E. coli DNA clamp loader assays
Equilibrium β clamp binding and opening assays and calculations of corresponding equilibrium constants, equilibrium DNA binding assays, steady state ATP hydrolysis assays, and thermal stability assays were performed as described in Supplementary Information.

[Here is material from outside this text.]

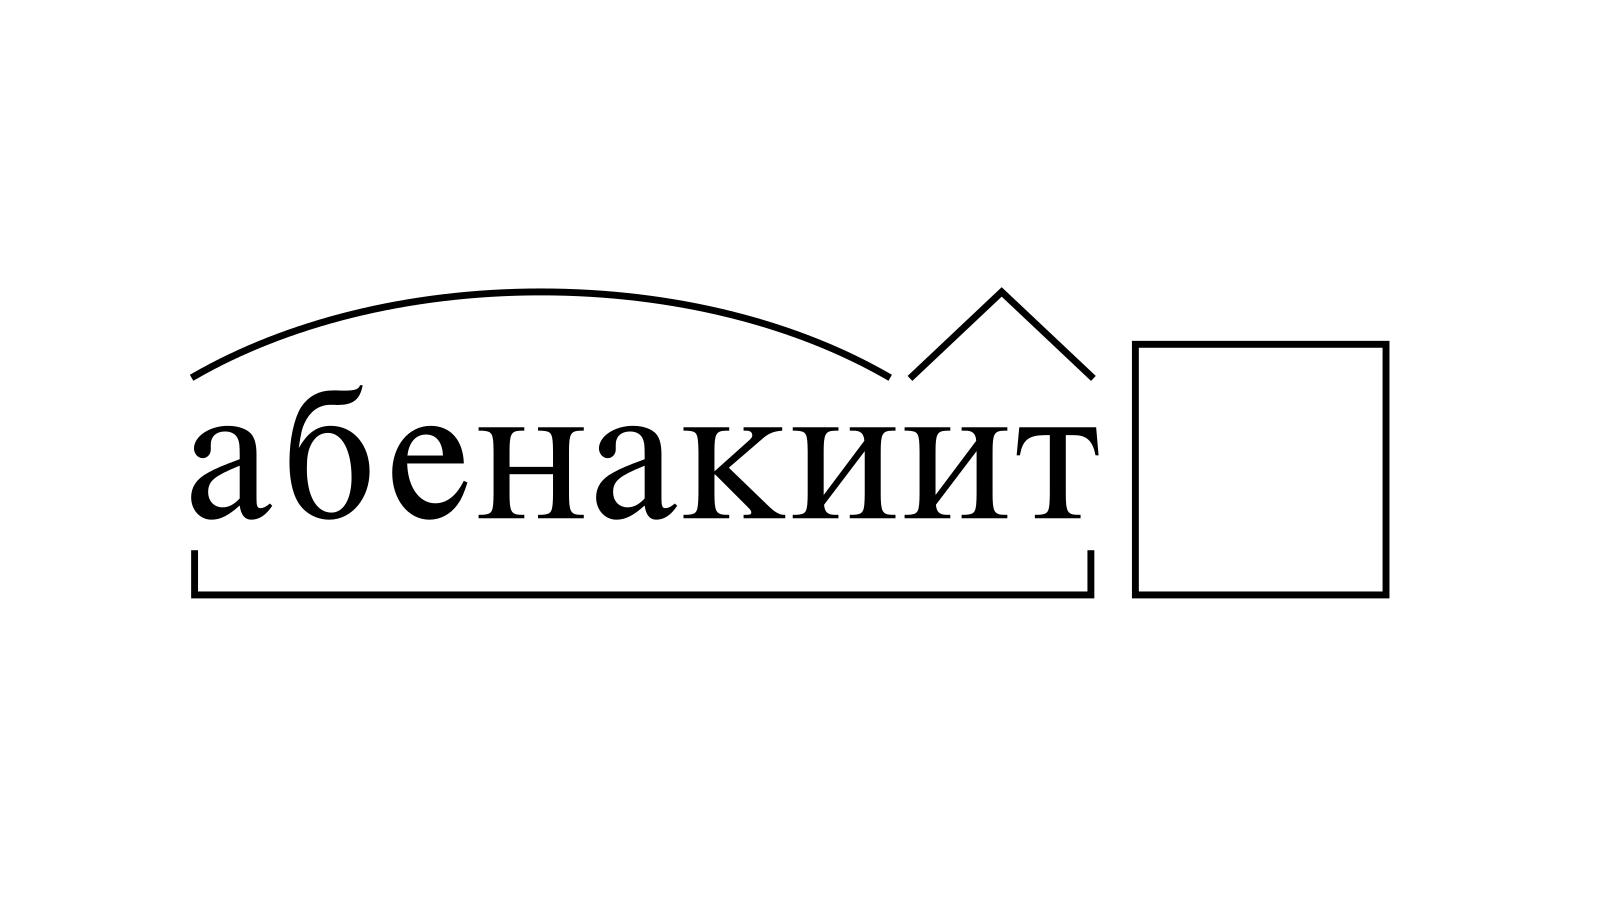 Разбор слова «абенакиит» по составу

Bacterial clamp loader determinants of functional specificity
Bacterial DNA clamps are composed of two identical β subunits of DNA polymerase III57 that encircle DNA and bind to DNA polymerase to prevent premature dissociation during replication58,59,60. The ATP-bound bacterial clamp loader binds to and opens the β clamp at a homodimeric interface and, upon association with primed DNA, undergoes ATP hydrolysis to dissociate from both the clamp and DNA, thereby loading the clamp onto DNA61,62,63. The minimal clamp loader complex is comprised of five AAA+ subunits—one δ, three γ and one δ’—arranged semi-circularly in the order δ-γ1-γ2-γ3-δ’64. Only γ is an active ATPase, though both γ and δ’ functionally influence an adjacent γ subunit. Figure 2a,b show the structural features of the γ subunit. The coordinated conformational changes required for clamp loading depend on interactions within and between these subunits and with ATP, the β clamp, and DNA61,62,63. DARC associates two sets of pattern residues with clamp loader functional specificity: Residues conserved in γ but not in δ’ (termed γ-residues) (Fig. 3a) and residues conserved in γ and δ’ but not in other AAA+ proteins (termed γ/δ’-residues) (Fig. 3b). Among the 14 structures available for the E. coli clamp loader complex, DARC assigns the highest significance overall (3DSDC + 3DSP) to the structure of the complex bound to primer DNA and an ATP analog (pdb_id: 3glf)65 (Table S1). Figure 2c–g show the locations of pattern residues and of the highest DC-scoring clamp-loader-specific residue pairs within this structure.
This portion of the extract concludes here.